§ TASK GOAL
Using the data that follows, give again word for word the lines between the one holding "cowboy de jaqueta" and the one holding "Yves Rocher |", inclusive. Omit the pictures.

§ INPUT DATA
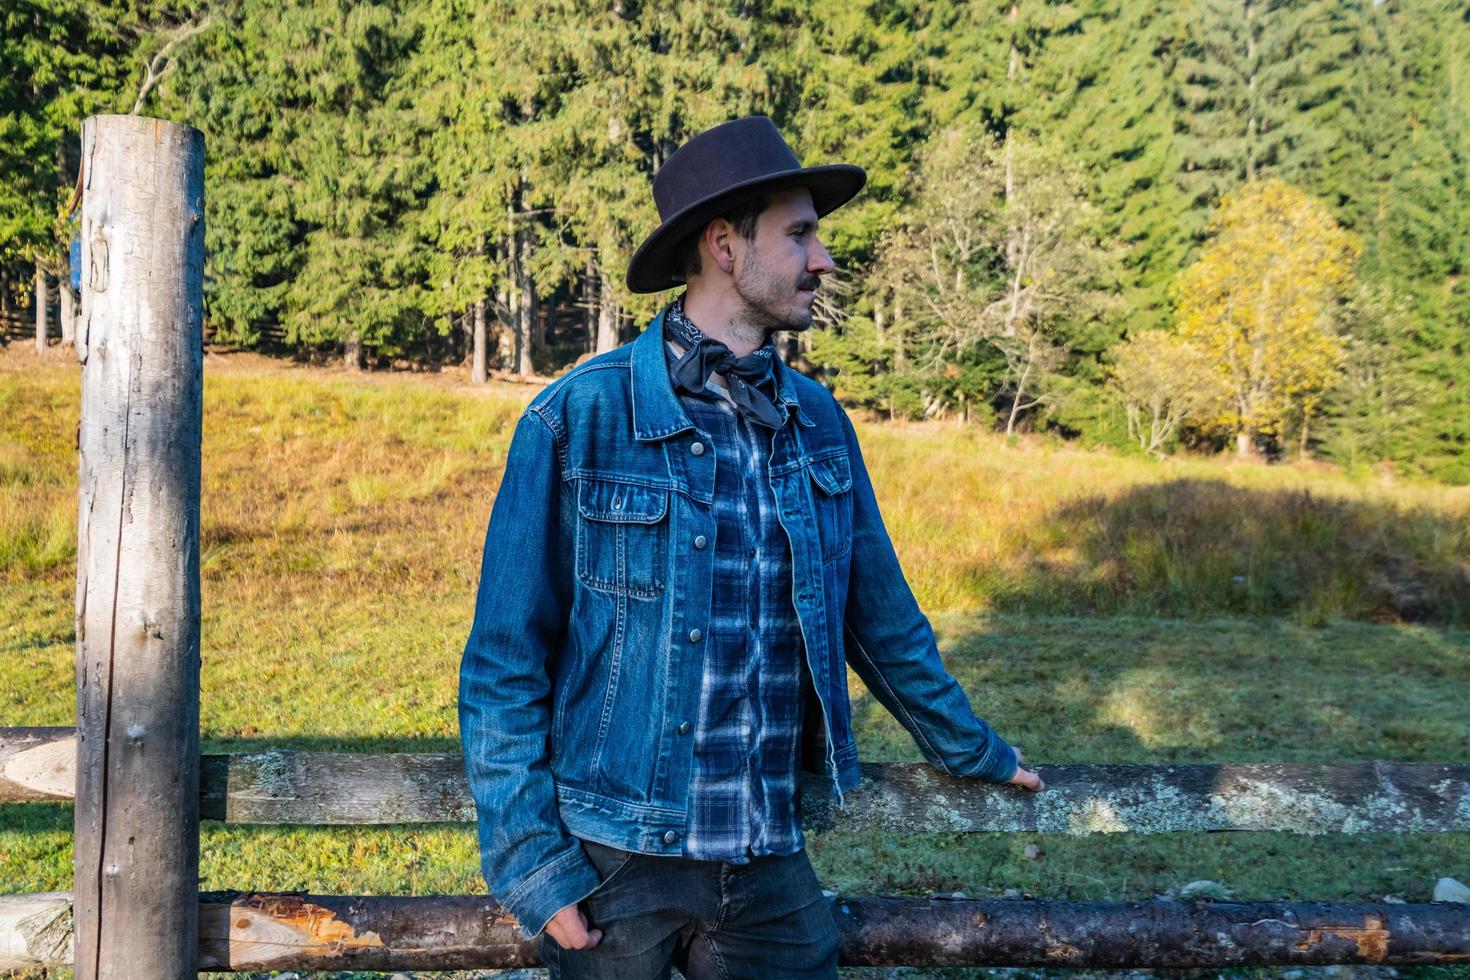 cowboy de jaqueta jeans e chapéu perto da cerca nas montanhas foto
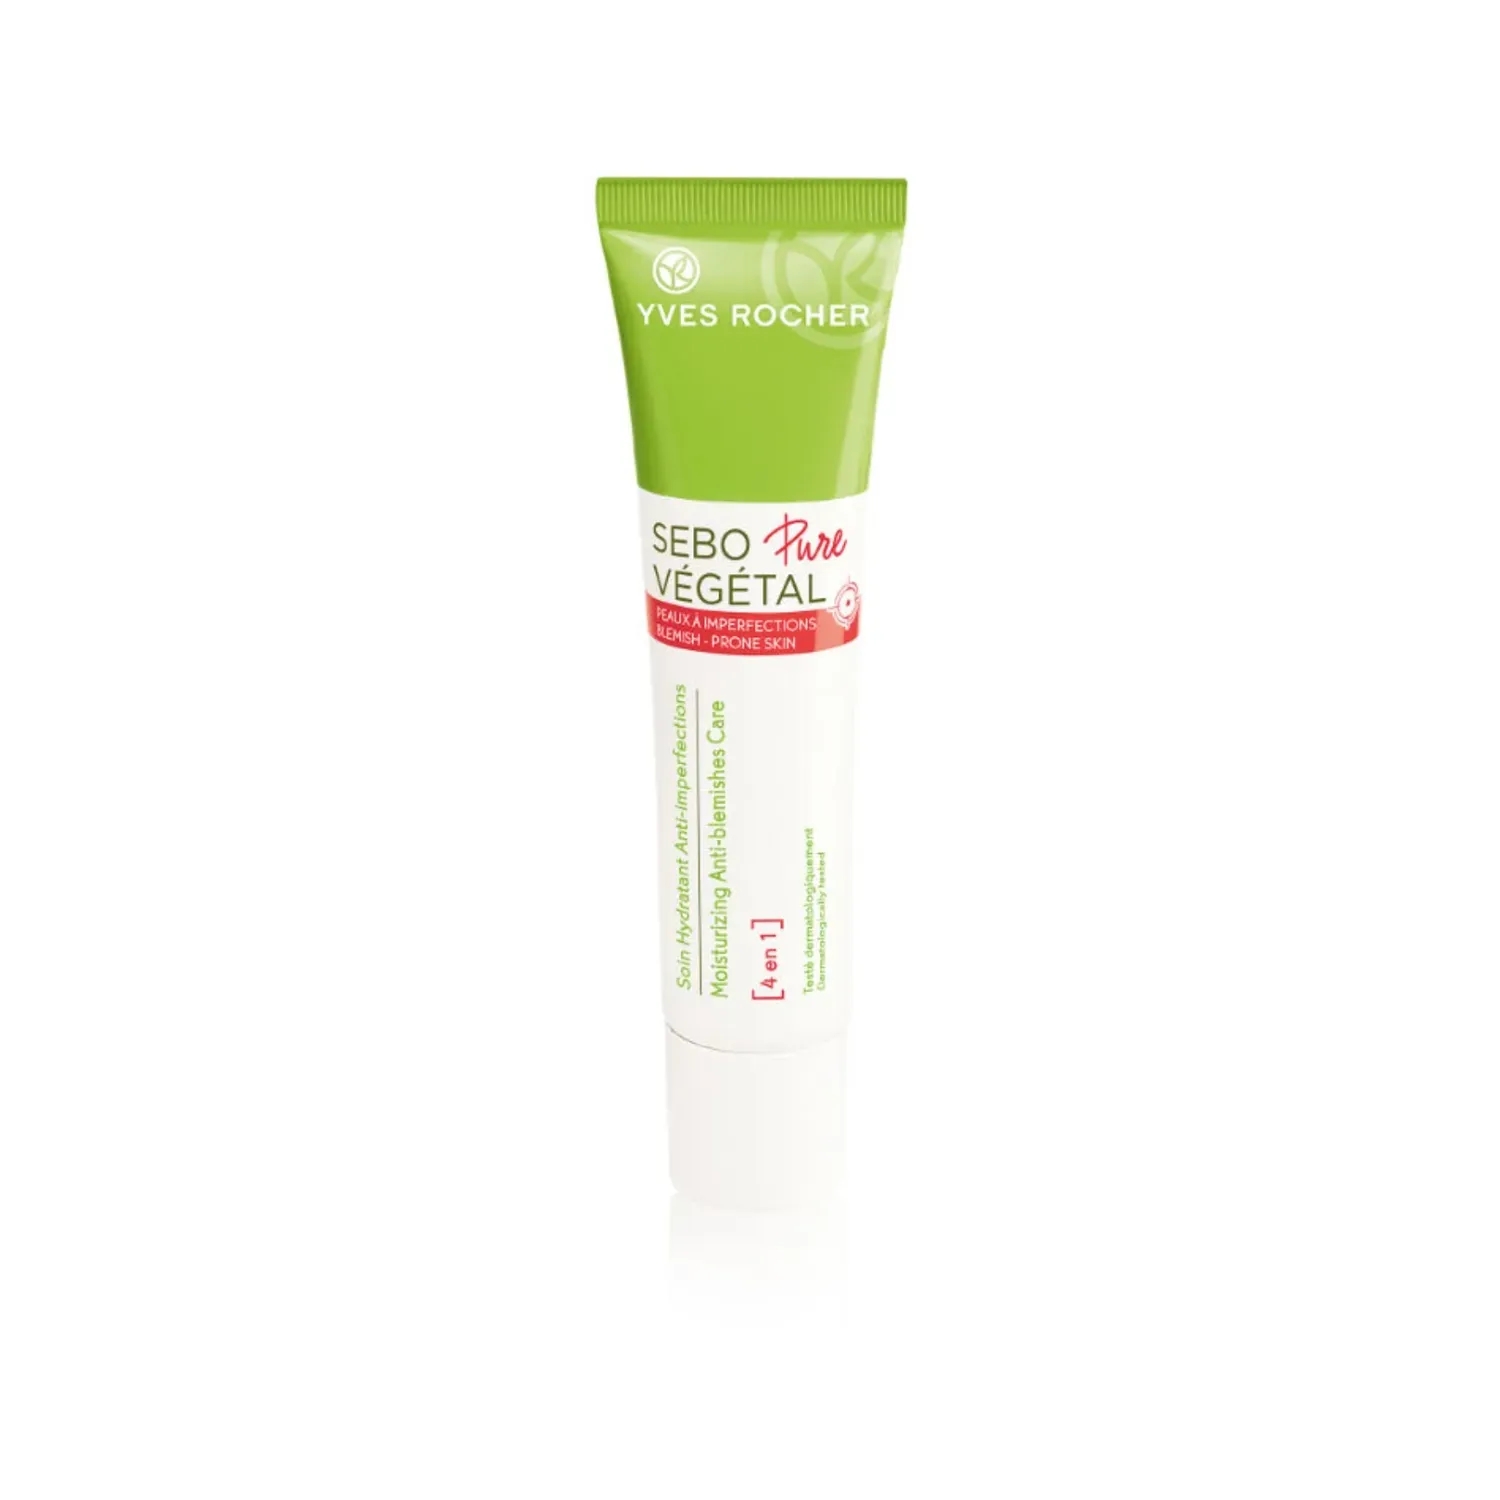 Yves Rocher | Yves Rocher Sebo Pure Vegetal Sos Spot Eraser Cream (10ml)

==

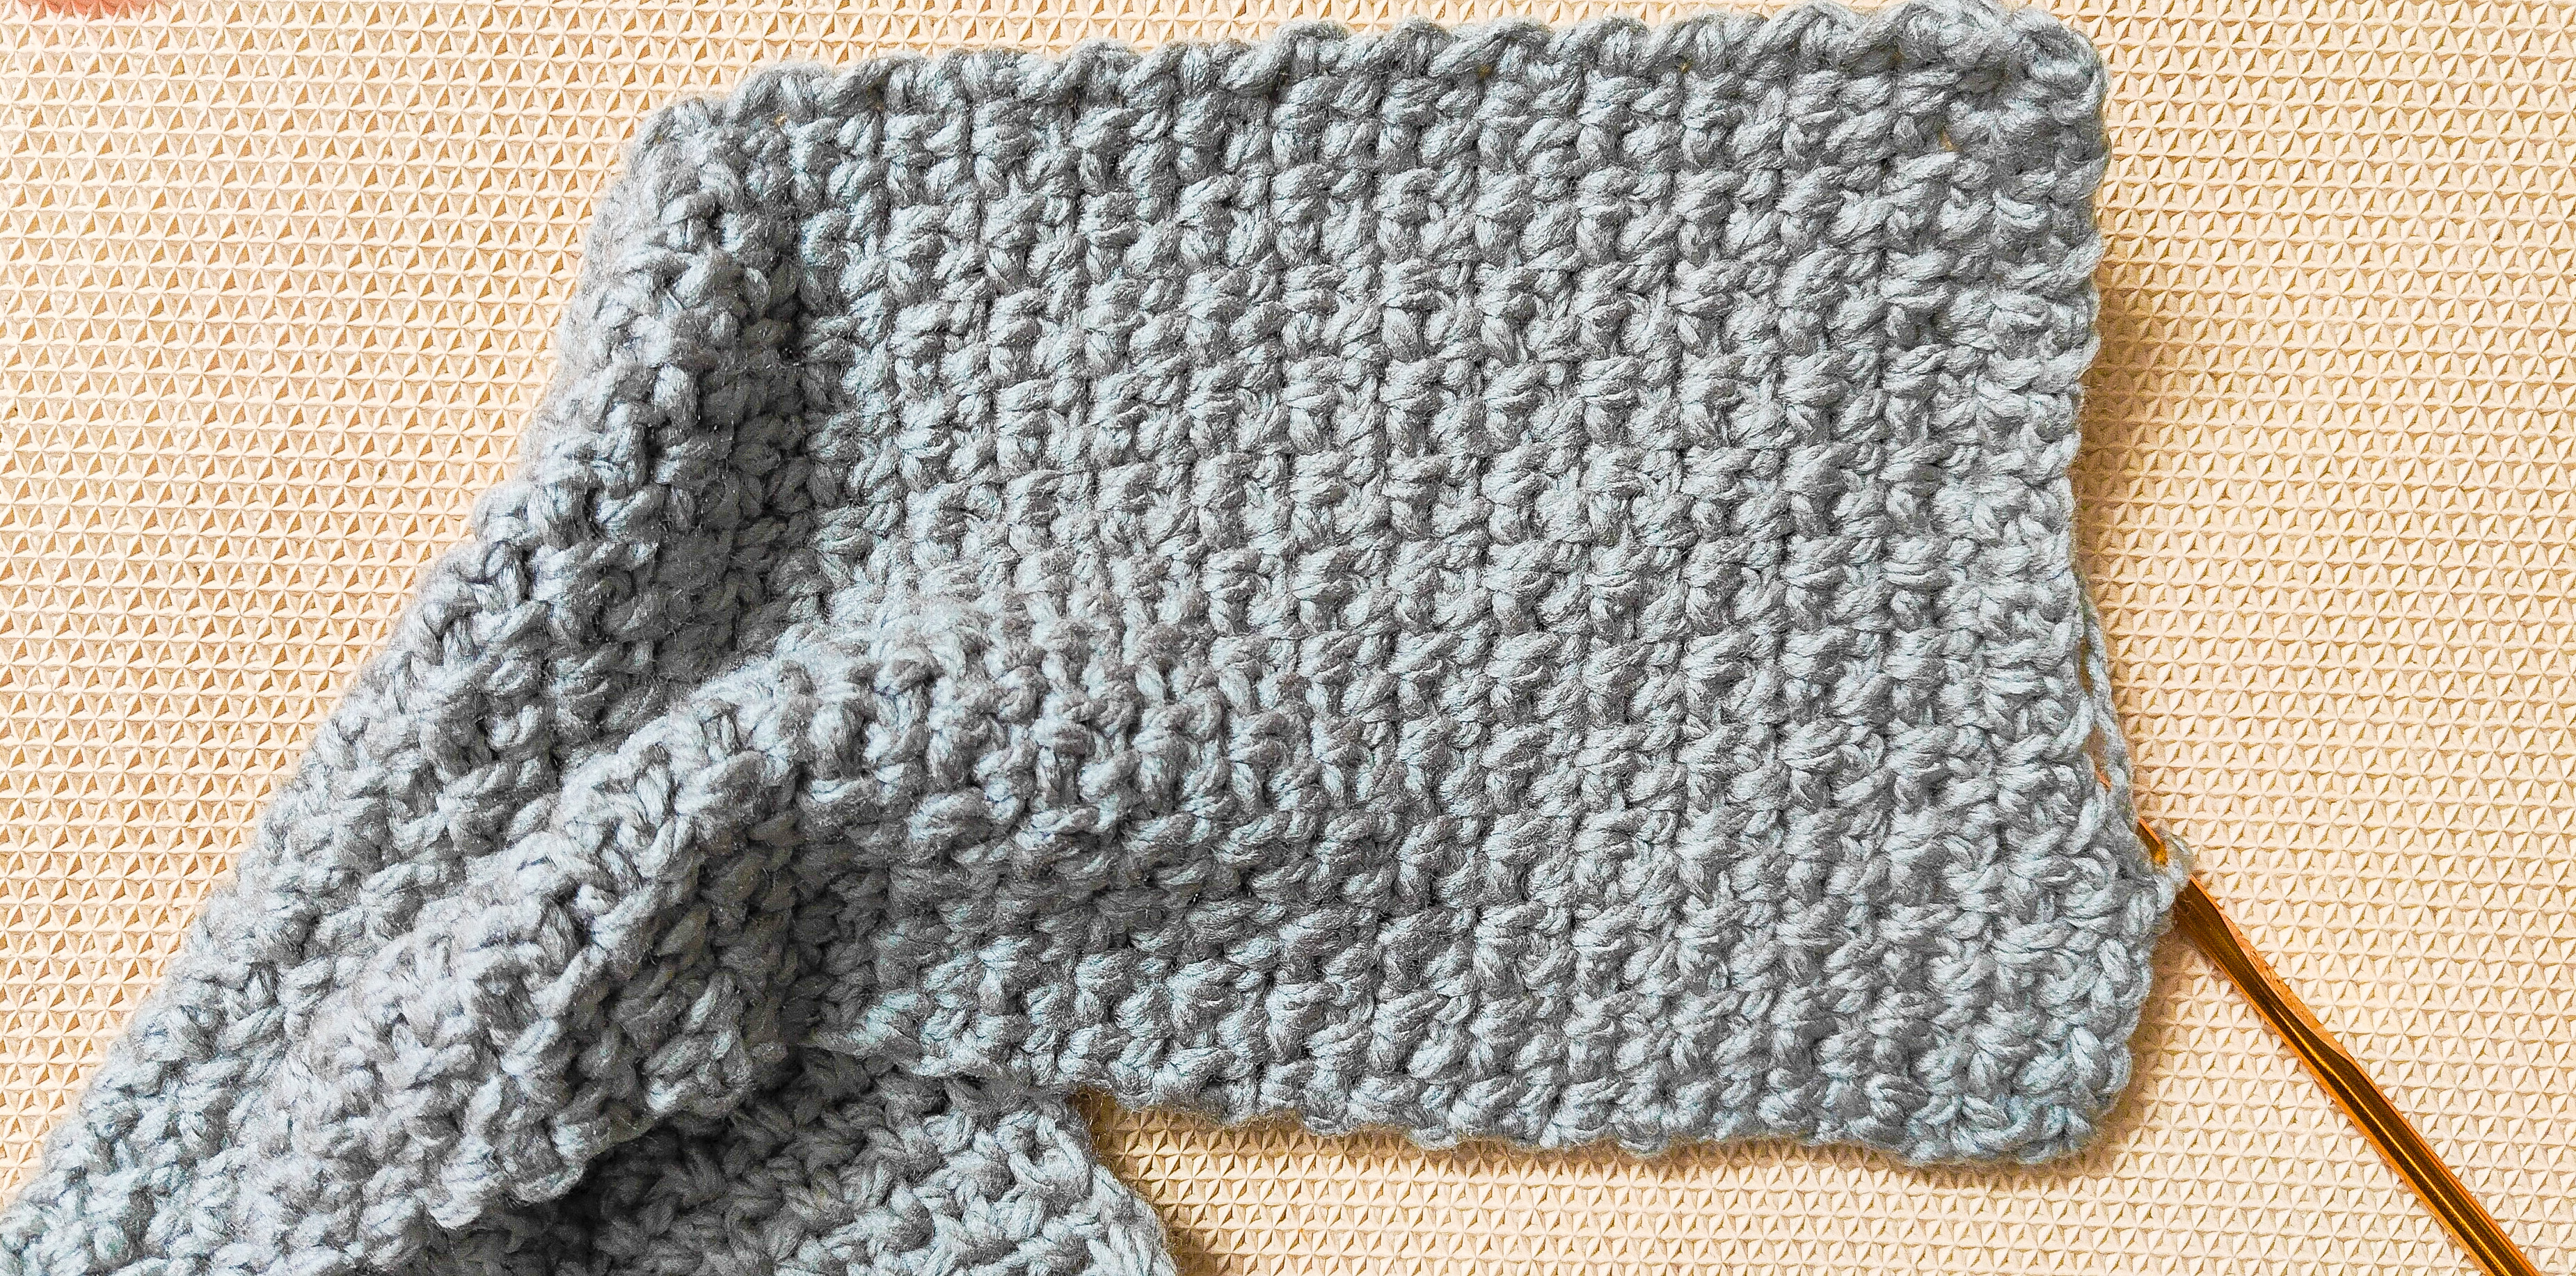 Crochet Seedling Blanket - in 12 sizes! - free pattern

§ OUTPUT
 cowboy de jaqueta jeans e chapéu perto da cerca nas montanhas foto
 Yves Rocher | Yves Rocher Sebo Pure Vegetal Sos Spot Eraser Cream (10ml)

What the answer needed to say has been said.